The marshmallow adds a bit of sweetness as well as a bit of creamyness to the peanut butter. The CAP custard cause I love me some diketones and cause it adds to the whole creamyness and mouthfeel of the recipe. The caramel and dulce de leche makes the 'brittle' bit of it.

Took me a while to figure out that the recipe needed the dulce de leche to bring out that stickiness needed in the peanut brittle.
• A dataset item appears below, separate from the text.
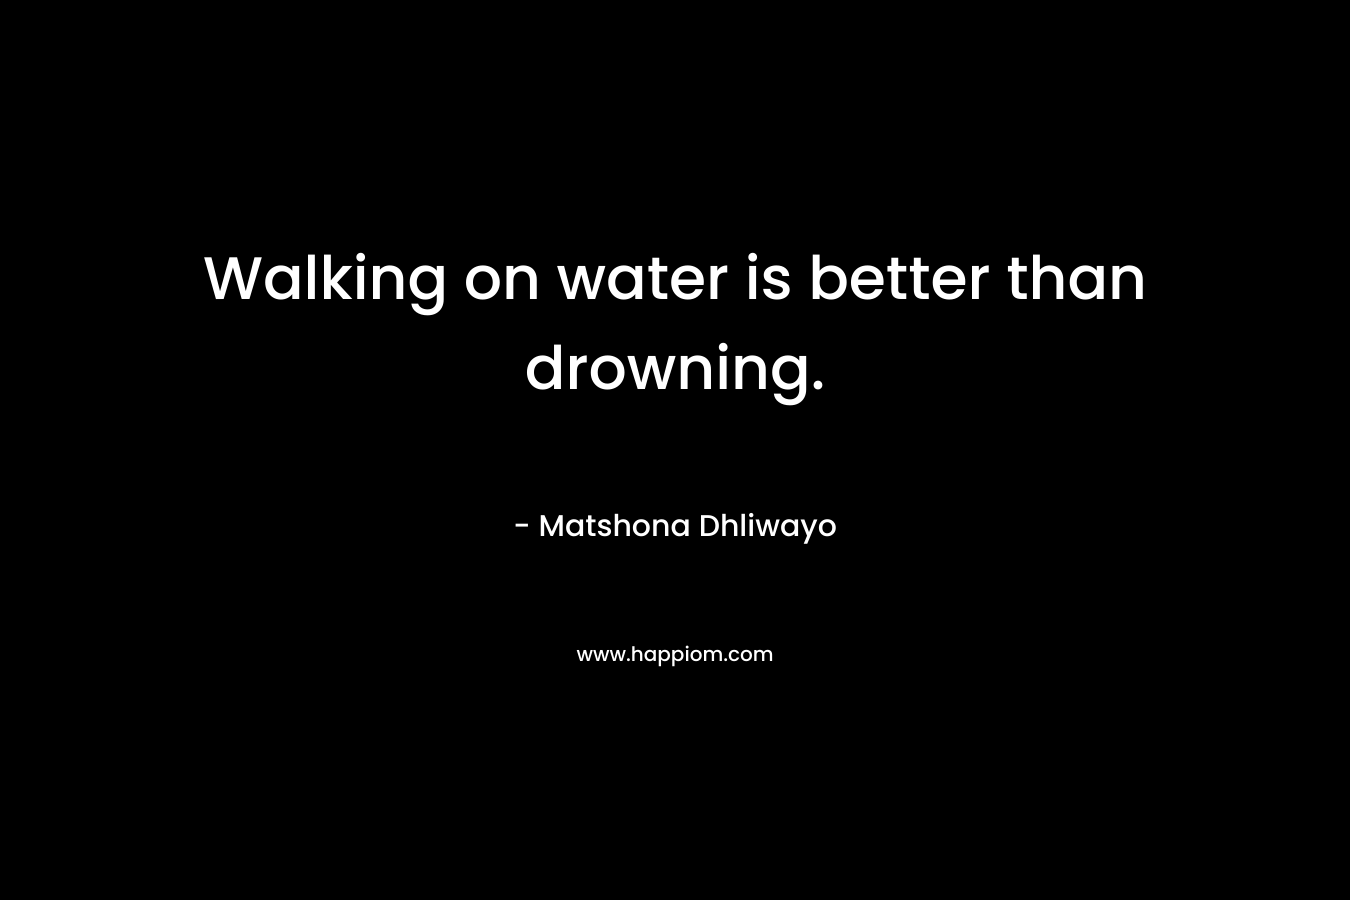 Walking on water is better than drowning.
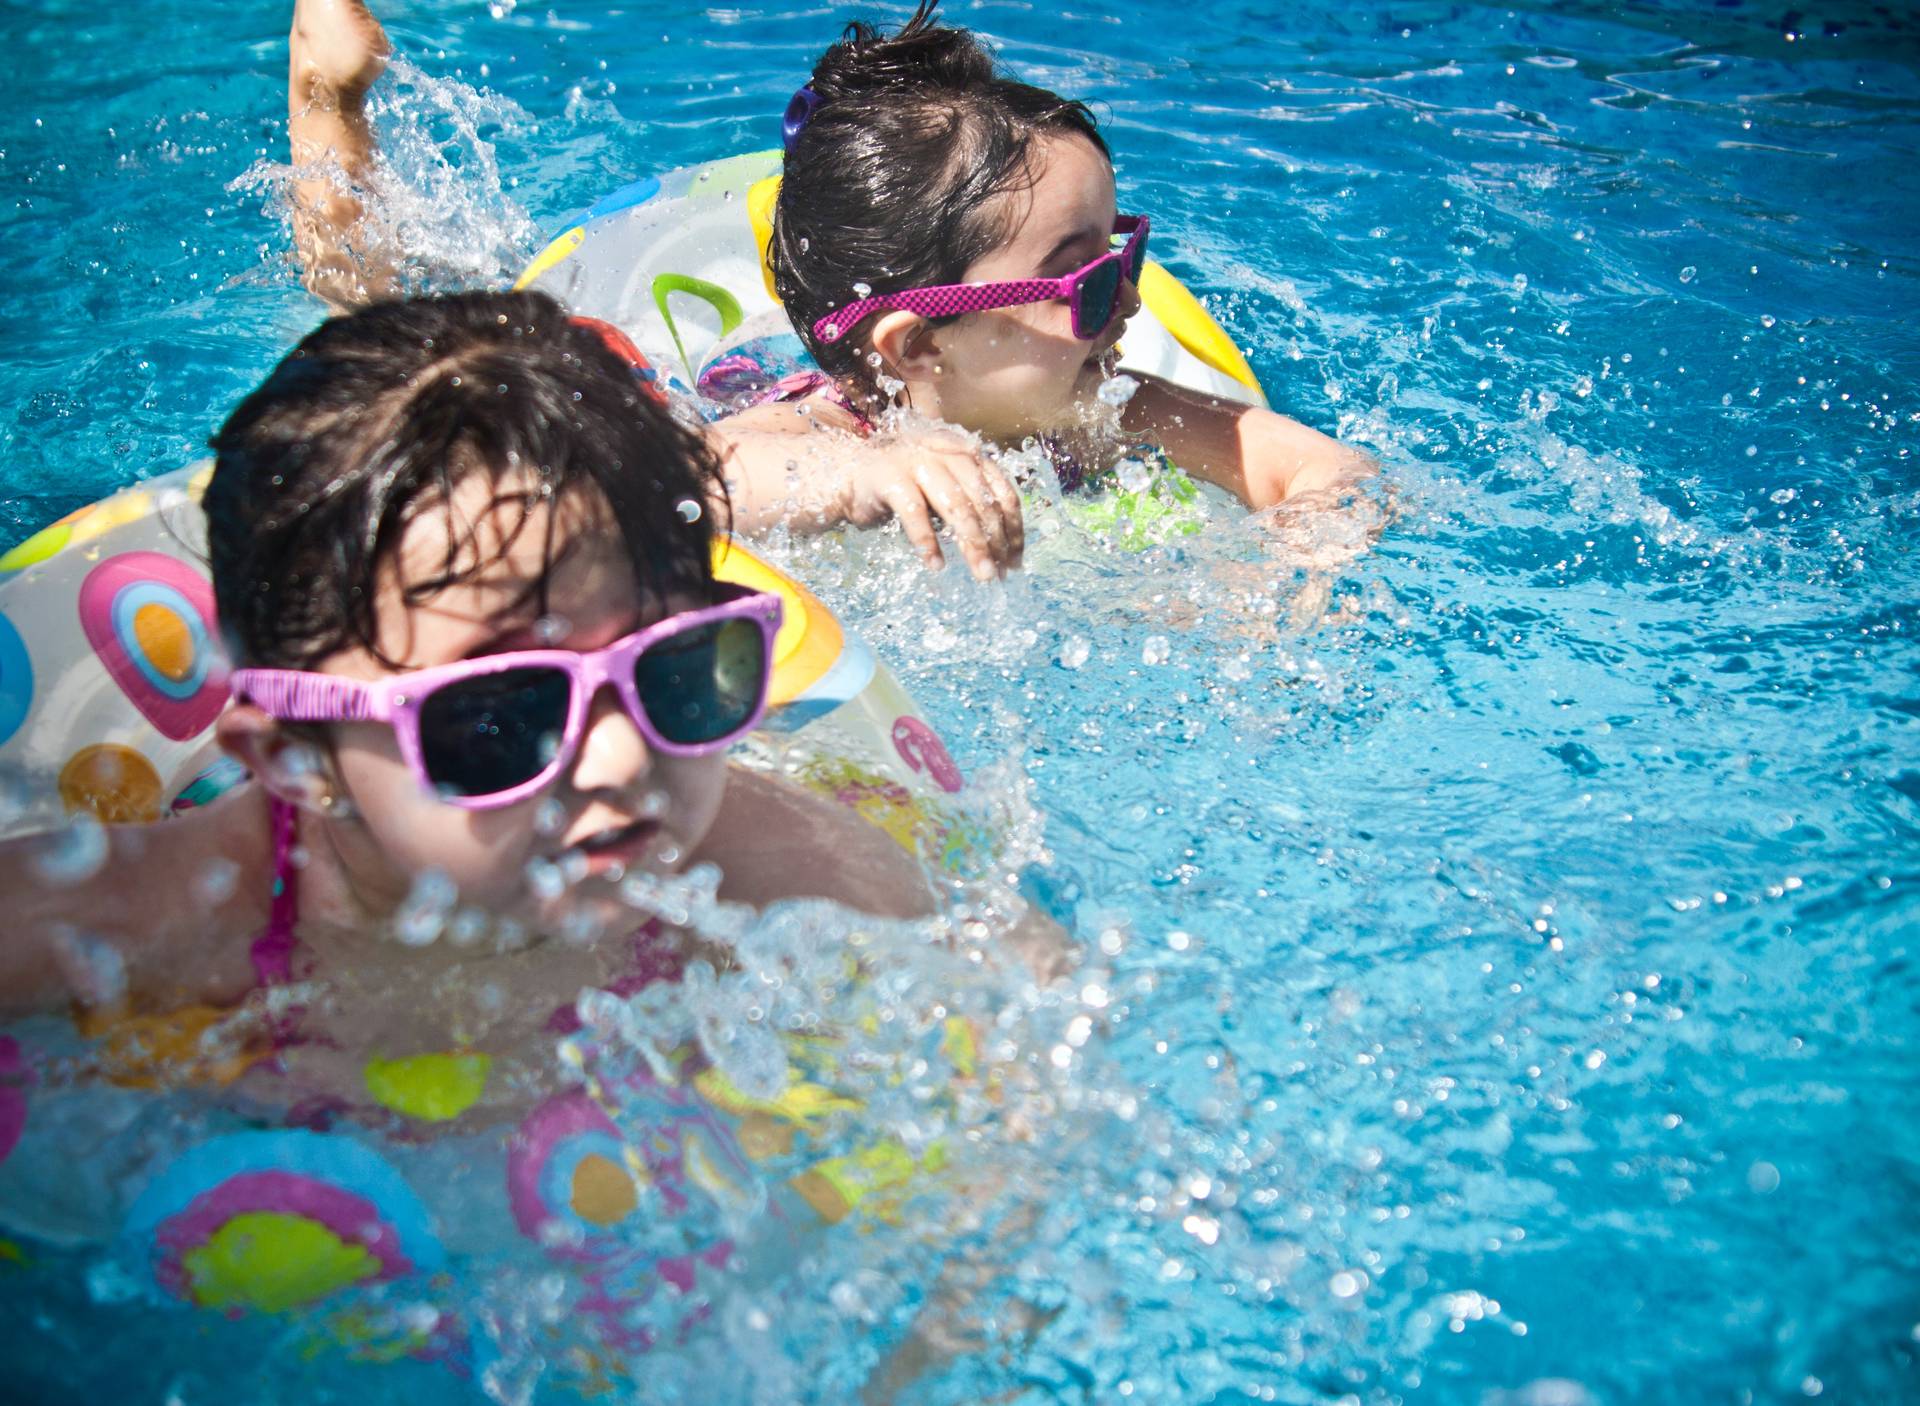 Children in the pool, play is an important part of a luxury vacation with kids

Reactions: Like 1 | Thanks 1


----------



## KZOR

Original recipe uses sugar and butter so I think it must have some caramel in it.
Would stick to CAP peanut butter.
Also a small percentage of French vanilla cream could work well.
@VapeSnow ......... yours could be a great starting point. Thanks

Reactions: Like 1


----------



## VapeSnow

KZOR said:


> Original recipe uses sugar and butter so I think it must have some caramel in it.
> @VapeSnow ......... yours could be a great starting point. Thanks



I think Fw Butterscotch Ripple will also work wonders in there.


----------



## tyroneroode

VapeSnow said:


> Okay bro so why don't you start with
> 
> 1.3% Tfa Brown Sugar
> 2.5% Fa Nut Mix
> 1% Fw Hazelnut
> 1.5% Fa Maple Syrup
> 0.5% Tfa Toasted Marshmallow


I agree with this


----------



## KZOR

Recipe for attempt 2. Just need 2 ingredients then I will test it and give feedback.



Feels we going to nail this as a collaborative effort.
This could be the beginning of a official ecigssa recipe page with homebrew recipes that only houses recipes that has obtained a certain amount of approval votes.

Reactions: Like 1


----------